'Gore Habba:' Festival celebrated with cow dung playfights

02:15 PM Nov 16, 2020 | Team Udayavani |
Chamrajanagar: The festival of lights Deepavali is celebrated in many different forms along with the traditional lighting of lamps and bursting of firecrackers. One such special form of celebration is the 'Gore Habba' celebrated across the State border here at Gumatapura village in Tamil Nadu. This unique festival celebration includes throwing cow dung on each other and is being practised in the mostly Kannada-speakers village for generations. This celebration is held on the next day of the Deepavali Balipadyami. Men of the village stand on a mound of the cow dung, throwing the dung on each other. This year the Gore Habba will be held on Tuesday, November 17. The festival celebrations begin in the afternoon. After performing pooja at the village's Karapappa Temple, two villagers dressed as 'Kondakkar' are brought on donkeys in a procession to the dung-heaped area. Kondakkar, wearing an artificial beard and moustache, makes odd signs, gestures and postures.

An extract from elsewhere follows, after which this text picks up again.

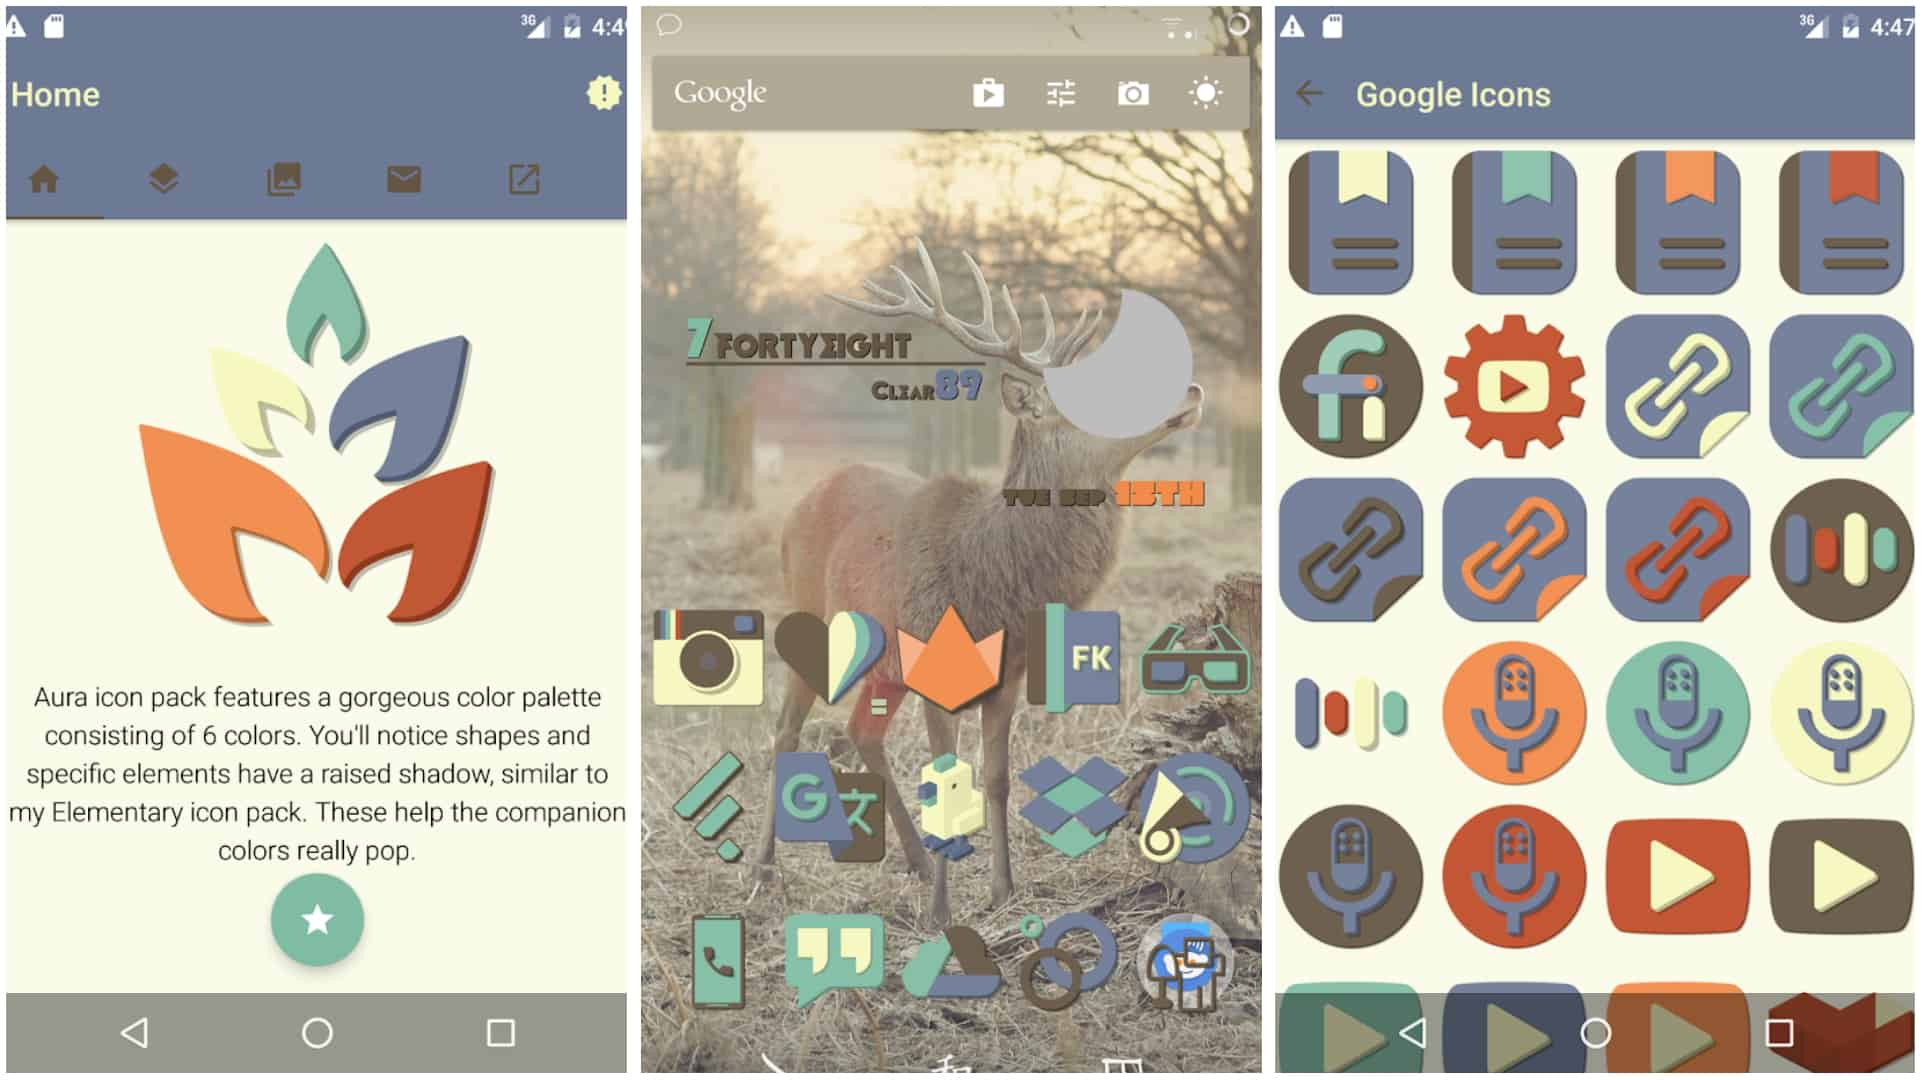 Aura Icon Pack app grid image

Before this, cow dung from each house is brought and heaped near the Bireshwara temple in the village. After performing pooja of the cow dung mound, men wearing only shorts, start playing in and throwing the cow dung.

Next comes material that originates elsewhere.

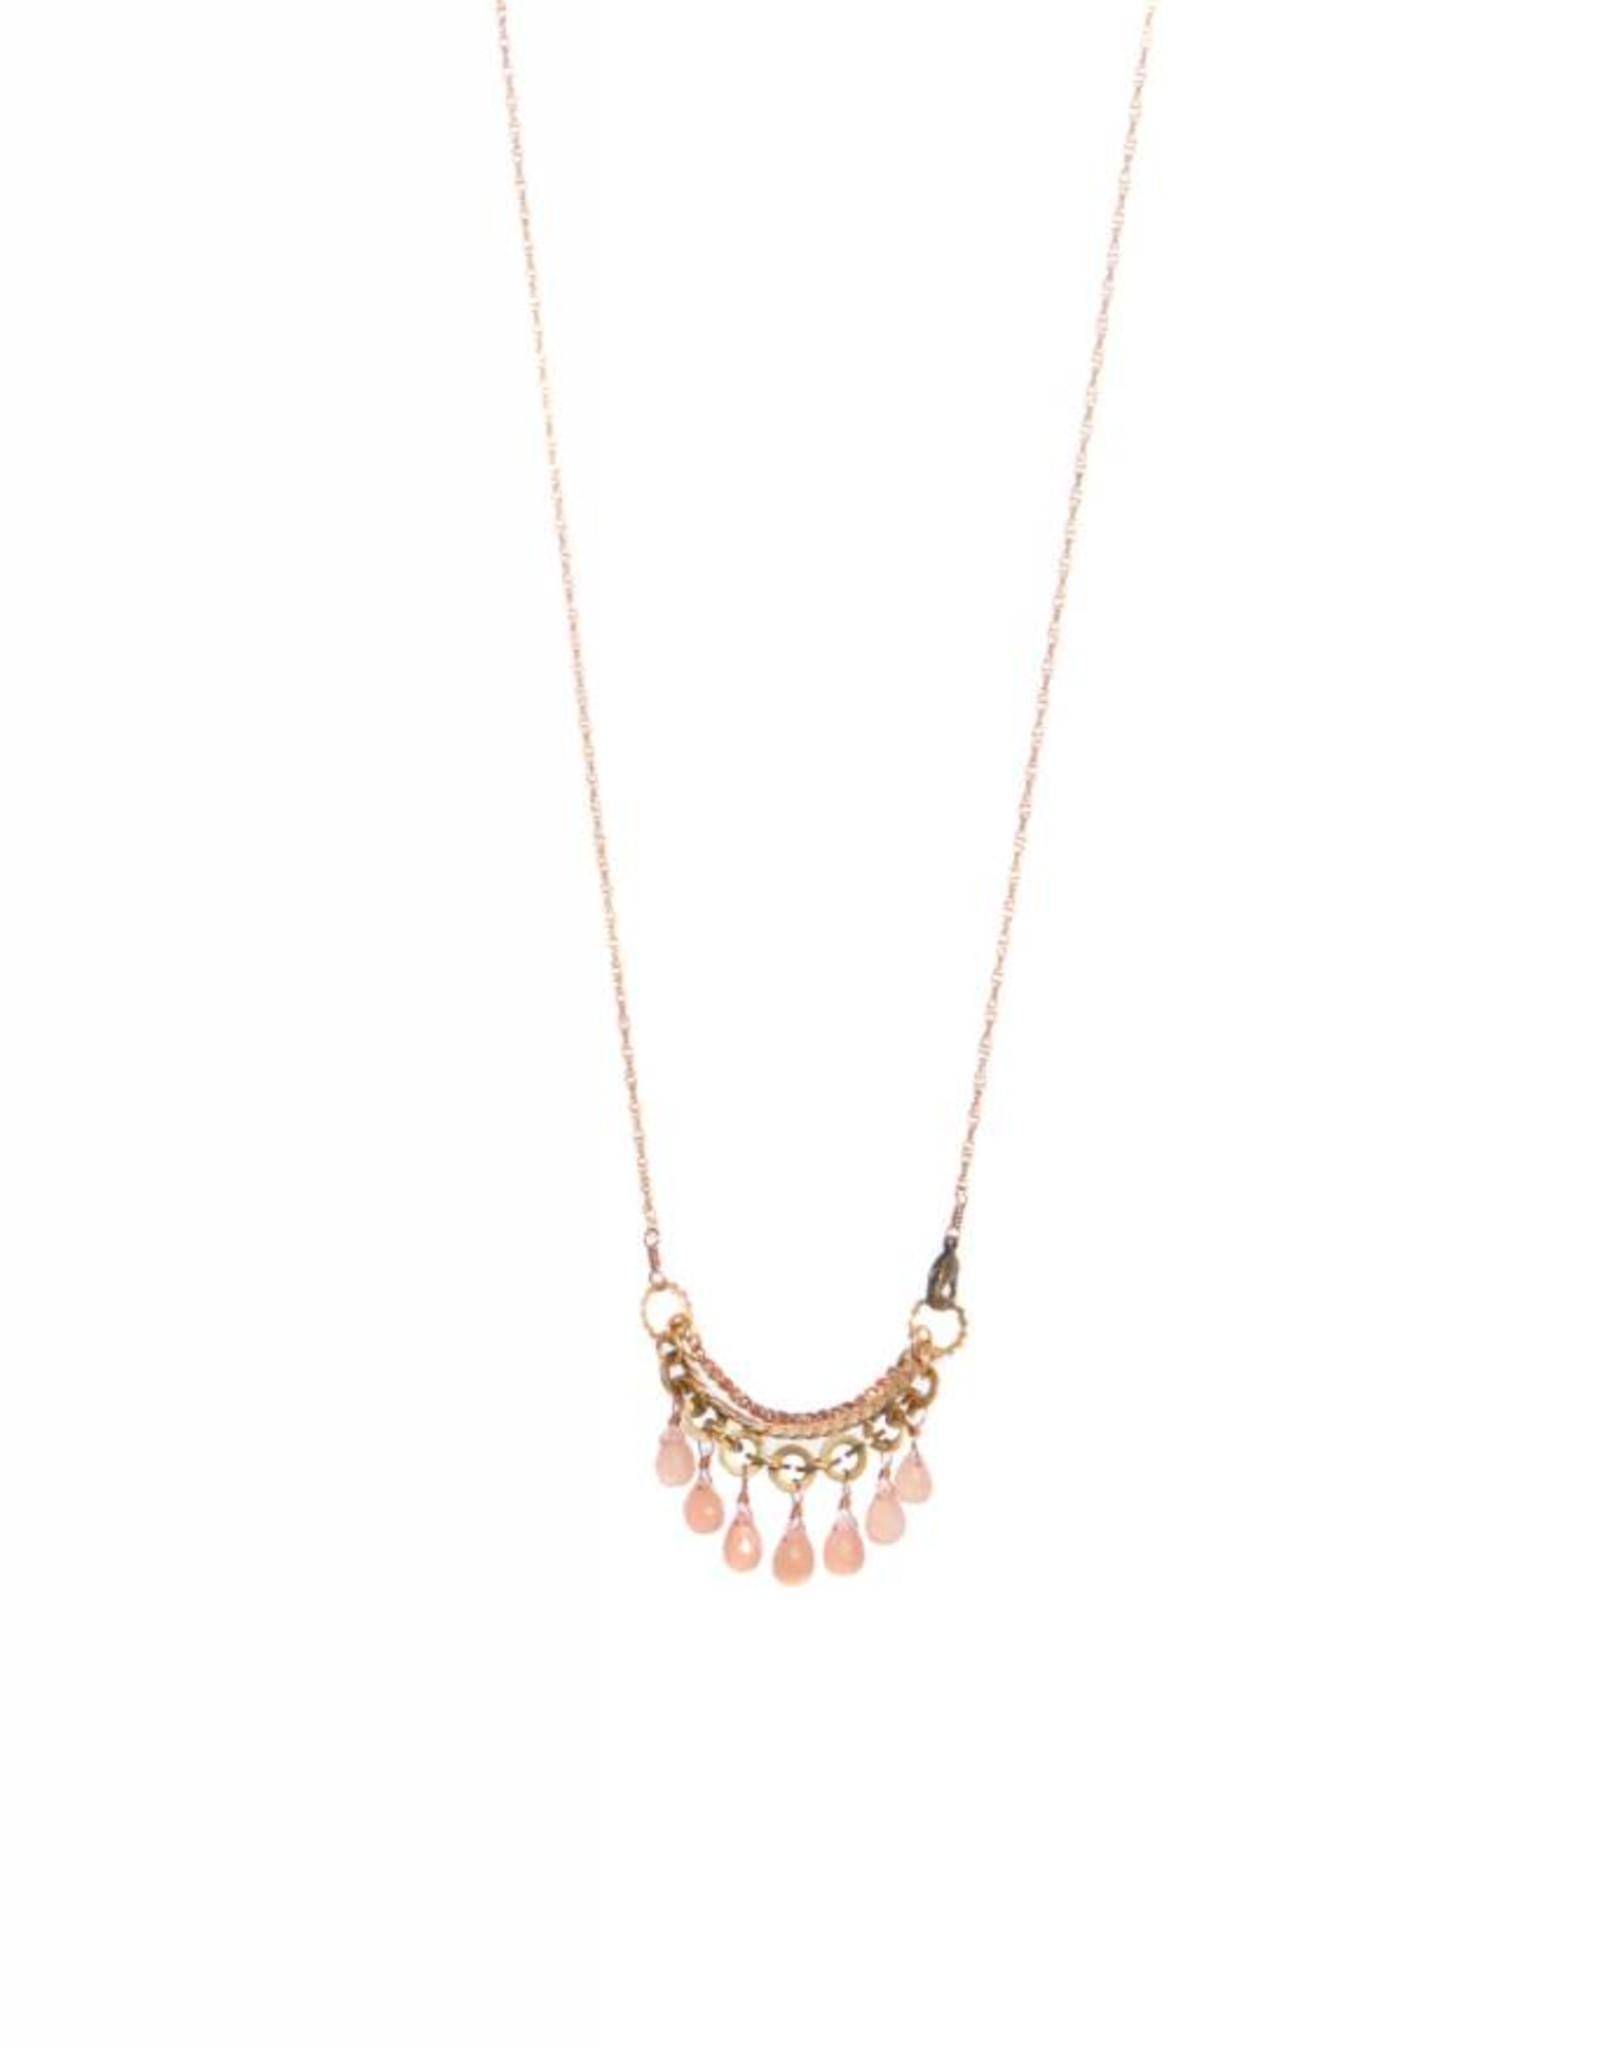 Hailey Gerrits Designs Eos Necklace - Peach Moonstone

The playful festival celebration reaches its climax by evening after which the men come to the banks of the village lake, shout profanities at each other and after washing up bring the Gore Habba to an end.

The Gore Habba is unique in that there's no other village in India that has a festival celebration similar to it. This festival celebration at Gumatapura has a legendary background. In the village, hundreds of years ago, a man working in the house of a local Gowda family died. After his death, his sling bag is thrown into a heap of cow dung. Afterwards, the wheel of the family's bullock cart breaks loose while travelling. It is noticed that the wheel had come over the sling bag of the worker and blood is oozing out of a phallic-shaped stone near it. That same night the head of the Gowda family sees a dream where a divine voice informs him that he must build a hut as repentance and must perform the cow dung celebration on the next day after Deepavali. The cow dung playfight festival is said to have started from the following year.